An article in the Oct. 21, 1911, edition of The Argus reported that a chance passer-by came to the aid of a young boy who had falled out of tree and injured his back.

While gathering chestnuts Sunday morning near Catonsville, Max Davidson, 12 years old, Milton street, Baltimore, fell from a tree and broke his spine. He received other internal injuries and is at St. Agnes' Hospital in a serious condition.

Young Davidson left his home early in the morning and went out Wilkens avenue to the Rolling road, where he found and climbed a chestnut tree. While gathering the nuts, he lost his balance and fell.

Mr. Charles E. Lewis, who passed in his automobile a short time after the accident, discovered the lad lying in agony in the road. He placed him the automobile and took him to the office of Dr. Charles L. Mattfeldt, where it was found that his condition was serious. He was then removed to the hospital.


Miss Julia Jones, principal of the Ingleside Public School, was given a surprise Thursday by her pupils in celebration of her fifth anniversary as principal. The school rooms were decorated with autumn foliage and Miss Jones was presented with a quantity of cut flowers.


Mr. Ferdinand Gable, of Harvest Home Park, reported to the Catonsville police Sunday that thieves had entered his barn on Wilkens avenue, near the city limits, and had taken two valuable cows.


James, the three-year-old son of Mr. and Mrs. J.W. McMillan, of Oak Forest Park, came near losing his life Wednesday morning by falling into a cesspool in the rear of his parents' home, and but for the timely warning of one of his playmates, Philip Heuisler, Jr., who gave the alarm, he would have been drowned. The two children had been playing when they came upon the cesspool covered with several loose boards. The boards were removed and the McMillan child, in peering into the well, lost his footing and disappeared. His companion ran to the house and gave the alarm and two of the servants, with the aid of a long furnace poker, pulled the child to the surface.

75 Years Ago

An article in the Oct. 16, 1936, edition of The Catonsville Herald and Baltimore Countian recognized the success of a local event showcasing four-legged residents of the area.

Last Sunday youthful dog fanciers of the Catonsville section staged an excellent pet show on the grounds of the home of Stanley Dickey on Eden Terrace, exhibiting numerous dogs before a large attendance.

Walter Brinkman was judge, awarding ribbons for first and second prizes. A number of trophies were donated in the various classes and Mr. Brinkman's tape measure came in handy when the classes for longest ears, shortest ears, longest tail and so forth were called.

Best dog in the show was won by Jerry Travers of Eden Terrace, with his fine Irish setter. Stanley Dickey, sponsor of the show, is turning the entire proceeds over to the Society for the Prevention of Cruelty to Animals, a most worthy cause.


All who are interested in aiding in the work of theBaltimore County Public Health Association are asked to attend the card party given by the 13th District Unit at the Arbutus Community Club on Friday, October 23. The 13th District Unit hopes to make this card party so successful that they will not need to call on the public for aid during the winter months.
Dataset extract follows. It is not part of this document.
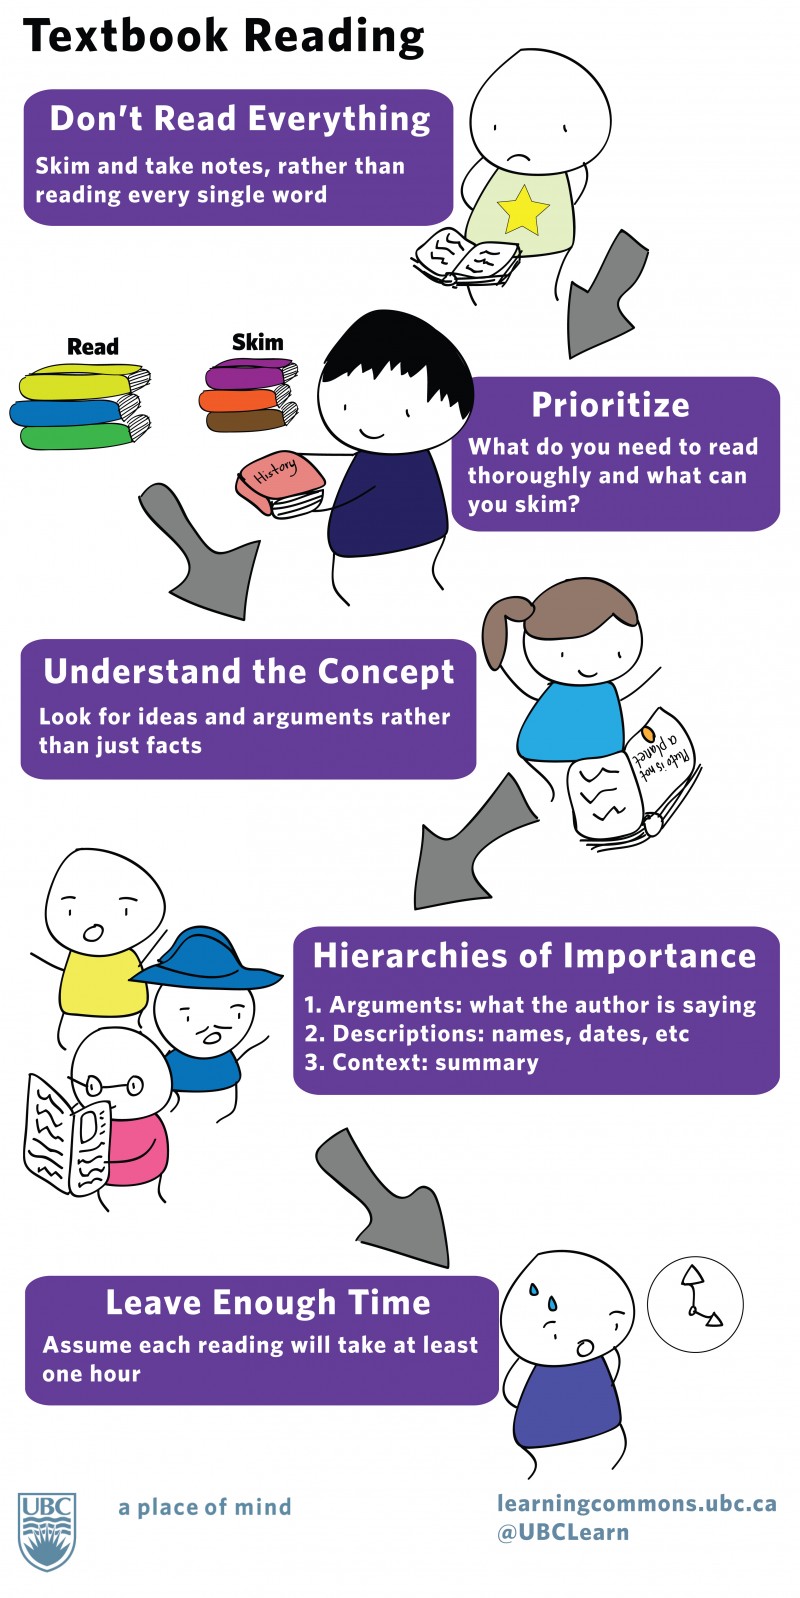 Infographic titled Textbook Reading. Purple text bubbles move from the top down. First, "Don't read everything. Skim and take notes, rather than reading every single word." A cartoon figure reads a book. Next, "Prioritize: What do you need to read thoroughly and what can you skim?" A cartoon figure sorts books into two piles, Read and Skim. Next, "Understand the Concept: Look for ideas and arguments rather than just facts." A cartoon figure smiles and raises arms while reading a book. Next: "Hierarchies of Importance: 1. Arguments: what the author is saying; 2. Descriptions: names, dates, etc. 3: Context: summary." Three cartoon figures wearing different colored costumes appear. Last: "Leave enough time: Assume each reading will take at least one hour." A cartoon figure looks at a clock while sweating.

Mrs. Elmer J. MacLeod is chairman, assisted by Mrs. Charles Proffen, Mrs. Thomas Kyne, Mrs. Chester Linton, Mrs. Ralph Price and Mrs. Stanley Roth.


Last Friday night, Mrs. Richard F. Schneider, President of the Aichen Krantz Ladies Singing Society, gave a birthday party. All fifty members arrived on a large bus and presented Mrs. Schneider a beautiful electric coffee set. The party lasted until early morning. Several beautiful songs were especially rendered in honor of Mrs. Schneider's birthday.